Exercise instructions:
Nothing but the lines holding the string "branco" should appear in the answer. Copy them from the entries.

(Stored items)
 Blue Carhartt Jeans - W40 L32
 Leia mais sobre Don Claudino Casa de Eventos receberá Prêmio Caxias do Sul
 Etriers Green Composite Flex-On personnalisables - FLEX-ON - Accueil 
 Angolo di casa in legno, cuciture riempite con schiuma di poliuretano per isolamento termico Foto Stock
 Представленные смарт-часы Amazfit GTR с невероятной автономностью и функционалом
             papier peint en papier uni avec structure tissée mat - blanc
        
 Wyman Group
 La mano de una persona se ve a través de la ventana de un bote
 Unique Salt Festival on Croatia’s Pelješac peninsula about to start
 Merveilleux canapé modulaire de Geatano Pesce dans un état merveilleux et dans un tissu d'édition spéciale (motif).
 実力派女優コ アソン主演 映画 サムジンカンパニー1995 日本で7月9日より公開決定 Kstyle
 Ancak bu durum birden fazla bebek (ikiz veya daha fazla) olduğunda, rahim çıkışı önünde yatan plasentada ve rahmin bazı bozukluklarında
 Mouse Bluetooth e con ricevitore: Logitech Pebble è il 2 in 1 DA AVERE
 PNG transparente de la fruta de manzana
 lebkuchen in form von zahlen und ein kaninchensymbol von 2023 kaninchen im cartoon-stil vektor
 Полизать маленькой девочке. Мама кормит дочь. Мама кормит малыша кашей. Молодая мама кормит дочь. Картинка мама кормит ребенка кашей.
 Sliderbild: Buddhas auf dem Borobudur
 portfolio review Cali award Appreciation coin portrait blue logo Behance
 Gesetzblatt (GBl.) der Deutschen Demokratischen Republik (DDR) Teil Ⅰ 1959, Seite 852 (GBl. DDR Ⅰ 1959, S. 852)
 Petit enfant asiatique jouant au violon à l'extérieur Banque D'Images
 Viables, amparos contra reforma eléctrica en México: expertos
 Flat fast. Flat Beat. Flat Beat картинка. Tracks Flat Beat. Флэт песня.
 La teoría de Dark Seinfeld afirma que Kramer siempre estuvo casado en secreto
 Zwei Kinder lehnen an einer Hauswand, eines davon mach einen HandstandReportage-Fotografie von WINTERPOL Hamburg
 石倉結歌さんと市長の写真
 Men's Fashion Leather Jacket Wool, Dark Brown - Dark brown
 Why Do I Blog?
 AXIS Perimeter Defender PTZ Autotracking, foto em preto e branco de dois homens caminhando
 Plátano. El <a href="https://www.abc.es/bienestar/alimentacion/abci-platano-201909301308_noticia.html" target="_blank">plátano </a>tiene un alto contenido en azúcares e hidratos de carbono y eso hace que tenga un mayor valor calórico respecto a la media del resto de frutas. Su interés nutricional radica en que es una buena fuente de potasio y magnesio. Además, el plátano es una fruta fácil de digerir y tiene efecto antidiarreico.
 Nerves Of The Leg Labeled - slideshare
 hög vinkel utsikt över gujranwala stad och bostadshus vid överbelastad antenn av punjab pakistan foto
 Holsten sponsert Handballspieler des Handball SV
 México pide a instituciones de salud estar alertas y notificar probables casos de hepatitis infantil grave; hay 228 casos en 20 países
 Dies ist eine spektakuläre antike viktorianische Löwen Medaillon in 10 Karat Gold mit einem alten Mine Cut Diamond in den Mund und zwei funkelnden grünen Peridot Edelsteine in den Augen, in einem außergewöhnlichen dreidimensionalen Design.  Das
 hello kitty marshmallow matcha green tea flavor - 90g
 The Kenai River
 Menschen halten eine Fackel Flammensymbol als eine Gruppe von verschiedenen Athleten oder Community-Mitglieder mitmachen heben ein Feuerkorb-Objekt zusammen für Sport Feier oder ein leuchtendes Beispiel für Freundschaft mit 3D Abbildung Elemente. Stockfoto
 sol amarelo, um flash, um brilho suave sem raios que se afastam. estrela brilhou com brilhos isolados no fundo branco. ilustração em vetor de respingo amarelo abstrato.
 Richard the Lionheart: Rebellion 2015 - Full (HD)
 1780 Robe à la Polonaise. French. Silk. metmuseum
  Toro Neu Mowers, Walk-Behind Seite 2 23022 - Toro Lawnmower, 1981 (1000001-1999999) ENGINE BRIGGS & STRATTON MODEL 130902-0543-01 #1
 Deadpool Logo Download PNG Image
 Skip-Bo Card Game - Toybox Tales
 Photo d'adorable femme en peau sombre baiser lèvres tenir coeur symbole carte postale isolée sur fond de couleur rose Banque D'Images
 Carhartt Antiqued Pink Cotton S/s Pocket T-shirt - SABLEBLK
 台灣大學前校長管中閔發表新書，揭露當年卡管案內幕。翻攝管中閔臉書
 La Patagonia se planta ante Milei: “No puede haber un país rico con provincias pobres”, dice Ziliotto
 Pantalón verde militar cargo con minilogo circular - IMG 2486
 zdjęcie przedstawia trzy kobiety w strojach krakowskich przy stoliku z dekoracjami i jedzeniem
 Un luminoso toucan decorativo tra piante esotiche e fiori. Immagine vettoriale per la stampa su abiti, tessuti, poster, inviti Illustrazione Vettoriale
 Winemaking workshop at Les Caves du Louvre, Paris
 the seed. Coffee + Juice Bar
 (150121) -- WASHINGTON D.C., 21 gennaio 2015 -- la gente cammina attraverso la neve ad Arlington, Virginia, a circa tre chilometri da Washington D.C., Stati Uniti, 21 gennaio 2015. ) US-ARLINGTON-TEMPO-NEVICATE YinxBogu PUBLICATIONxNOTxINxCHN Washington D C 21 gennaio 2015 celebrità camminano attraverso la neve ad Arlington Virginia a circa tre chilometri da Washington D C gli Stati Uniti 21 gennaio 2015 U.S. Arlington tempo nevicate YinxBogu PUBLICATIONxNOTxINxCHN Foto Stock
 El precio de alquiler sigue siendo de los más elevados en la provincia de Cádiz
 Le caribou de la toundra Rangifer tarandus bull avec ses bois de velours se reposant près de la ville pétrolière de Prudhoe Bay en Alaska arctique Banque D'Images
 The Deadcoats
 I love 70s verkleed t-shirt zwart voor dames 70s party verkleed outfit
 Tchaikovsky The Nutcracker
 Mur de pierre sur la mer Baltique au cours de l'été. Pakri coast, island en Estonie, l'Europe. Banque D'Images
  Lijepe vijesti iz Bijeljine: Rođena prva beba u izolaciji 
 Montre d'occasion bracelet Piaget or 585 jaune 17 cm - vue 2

Your response:
 AXIS Perimeter Defender PTZ Autotracking, foto em preto e branco de dois homens caminhando
 sol amarelo, um flash, um brilho suave sem raios que se afastam. estrela brilhou com brilhos isolados no fundo branco. ilustração em vetor de respingo amarelo abstrato.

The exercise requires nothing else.